Posted by: Alarmed Pig Farmer [TypeKey Profile Page] at March 10, 2006 1:11 PM

Speaking of Cub Reporters: Here's a Chicago Suntimes journalist who plays the dhimmi with this puff piece. Note how she graciously uses the nausiating (pbuh)


Today, blasphemy is harder to define

March 10, 2006

BY CATHLEEN FALSANI RELIGION WRITER

It would seem that, much like beauty, perfection and the difference between Ashley and Mary Kate Olsen, blasphemy, at least these days, is in the eye of the beholder.

We don't really talk much about blasphemy, or its cousin, sacrilege, anymore. It kind of sneaks up on us and catches us by surprise when we're not looking.

Such was the case with cartoons depicting the Prophet Muhammad (peace be upon him) in a Danish newspaper.

Apart from our Muslim brothers and sisters and the odd Dane among us, most of us hadn't given much thought to the prophet or Denmark.
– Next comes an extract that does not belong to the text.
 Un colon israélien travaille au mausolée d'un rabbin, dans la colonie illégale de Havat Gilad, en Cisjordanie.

That is until last month, when all hell broke loose over cartoons that the obscure Scandinavian newspaper editors say they thought were harmless socio-political commentary, and scores of Muslims thought were an affront to God of the first order.

In an age of pluralism, multiculturalism, and (some say) secularism, what constitutes blasphemy?
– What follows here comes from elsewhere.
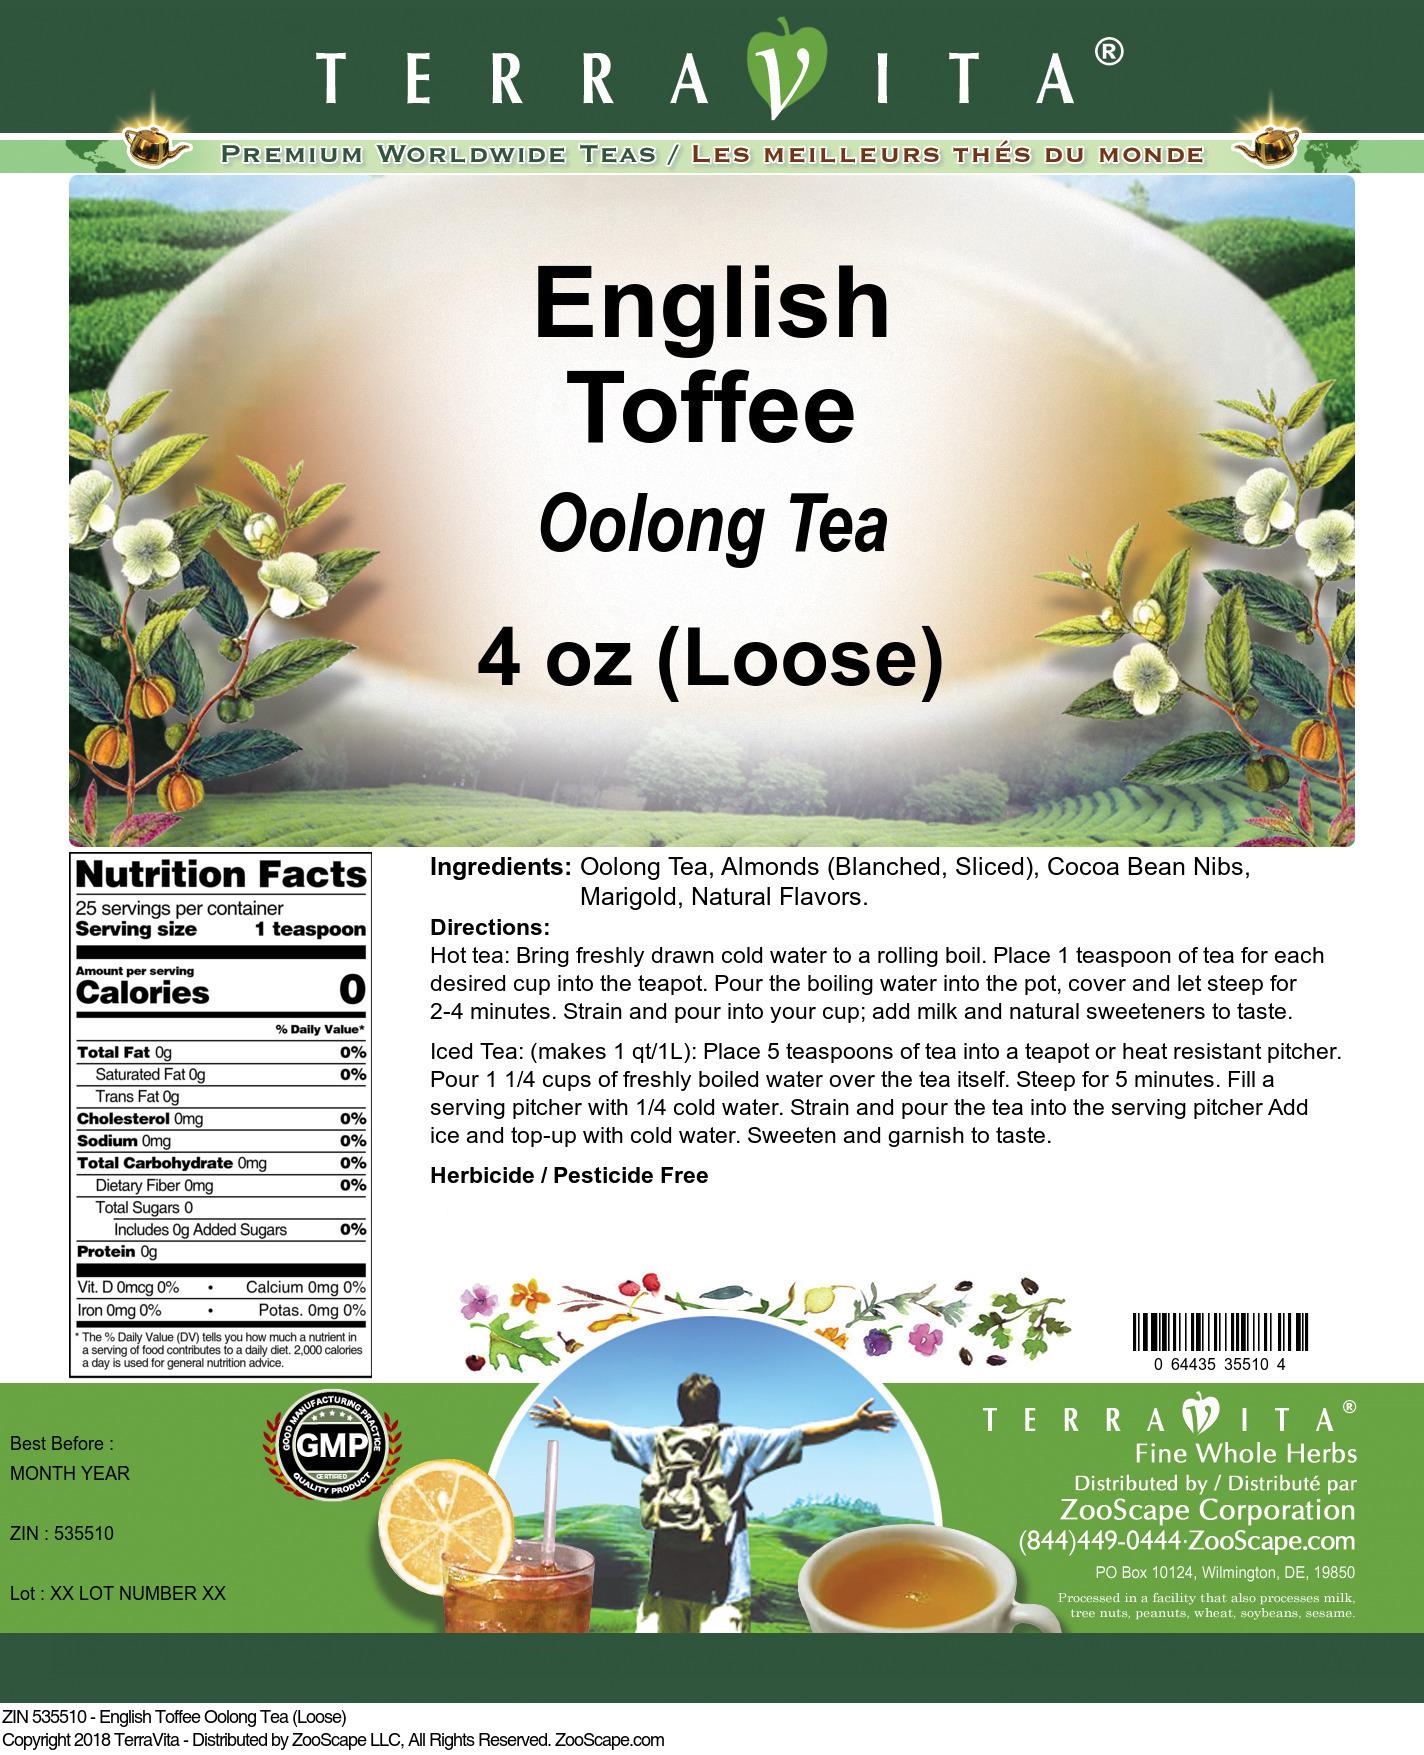 English Toffee Oolong Tea

Is it an image of the Buddha adorning a flip-flop?

A Hindu deity on the front of a skimpy tank top?

Madonna and Guy Ritchie praying at the tomb of the Matriarch Rachel in Israel?

Jesus as a namby-pamby cable-access talk-show host on "South Park"? Or political paraphernalia that says it's our "God-given right" to bear arms?

Is nothing sacred anymore?


Posted by: nuh [TypeKey Profile Page] at March 10, 2006 2:03 PM
Thousands of words; negligible expertise; and no curiosity.

This is the disease inflicting reporting by the MSM in general, on every topic, not just Islam. Front page news stories in the dailies of the major cities have been reduced to AP newswires, the same level of journalism that was the norm for small town newspapers of yore that had no news staff, but only the local columnist, who might have been the town's sole barber, to report on weddings and funerals, and if lucky, cover the race for county coroner.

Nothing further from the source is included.